Scottish Daily Mail

The knife wielding thug who raped Christine Keeler – and triggered the Profumo Affair

As a pivotal figure in the Sixties scandal dies at 85 ...

- By Michael Thornton

S HouLD any one face be said to exemplify the more sinister underworld of the Swinging Sixties, it was that of Aloysius ‘Lucky’ Gordon, who has died at the age of 85.

Lucky, who I ran into often during my misspent youth in some of the seedier dives of London’s Soho and Notting Hill Gate, allegedly got his nickname because on the day he was born in Kingston, Jamaica — July 5, 1931 — his parents won a lottery prize.

He liked to describe himself as a blues singer and cosied up to me when he discovered that I lived next door to Mick Jagger. In reality he was a small-time drug pusher with a long history of violence, assault and rape at knifepoint.

Small and slight with a charming smile, he didn’t look in the least like a dangerous thug. But the facade hid a volcanic temper and a paranoid insecurity arising from his belief that people looked down on him because he was black.

In the words of Christine Keeler, whose relationsh­ip with him led to the greatest political scandal of the 20th century: ‘He had no control. He could go berserk in a moment for any little reason. He liked to dress in black: leather jacket, a roll-neck jumper and beret.

‘It was a menacing uniform that matched his background: a long list of arrests and conviction­s for assault and battery. Lucky was a bad man.’

He left Jamaica in 1948, aged 17, and came to Britain. He soon had a police record for assault and shop-breaking.

It was in the fateful year of 1962 that Lucky met the strikingly beautiful 19year-old cabaret dancer Christine Keeler, who was living under the protection of the society osteopath Dr Stephen Ward.

Largely to enhance his own social and political connection­s, Ward had introduced Christine in July 1961 to the Secretary of State for War, John Profumo, and the senior naval attache at the Soviet Embassy, Captain Eugene Ivanov, who was a KGB agent.

The situation was a political powder keg because Keeler was sharing her favours with both men.

But how did Lucky Gordon fit into all of this? Ward took a writer friend, Lord de Laszlo, to the El Rio Cafe in Notting Hill Gate to impress him with his alleged knowledge of the West Indian drug scene in London.

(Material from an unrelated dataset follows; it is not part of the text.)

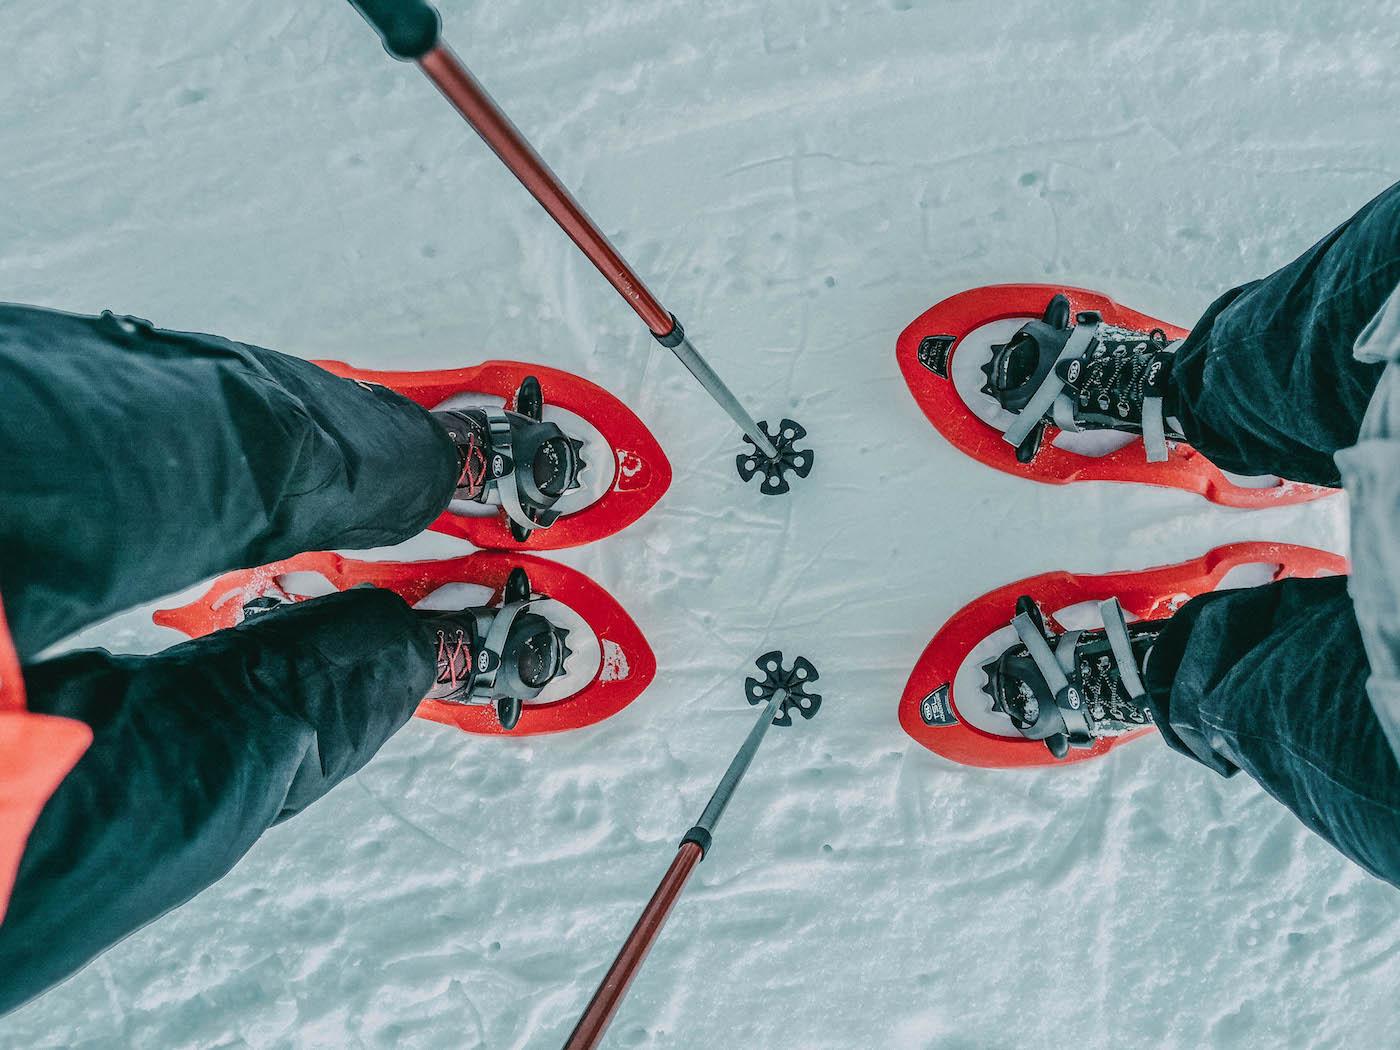 Mieminger Plateau Schneeschuhwandern Tirol

Keeler later said of this place: ‘It was a dive, an extraordin­ary example of just how squalid a place could be.’

There she met 31-year-old Lucky, from whom, on Ward’s instructio­ns, she bought drugs outside the toilets for ten shillings.

Of THIS fateful encounter, Keeler later said: ‘It was that silly little moment when the foundation­s of the tragedy that was to follow were laid.

‘Stephen, in his search for kicks and informatio­n, his determinat­ion to impress his friends, was the architect of his own downfall.’

Lucky instantly had the hots for Keeler and tried to persuade her to go home with him.

She pointed out that Ward and de Laszlo were waiting for her in the car outside, so he let her go, but began bombarding her with calls and invitation­s.

In the end, she unwisely met him at a cafe in Notting Hill’s Westbourne Park Road where, allegedly, he wanted her to look at some jewellery he had stolen.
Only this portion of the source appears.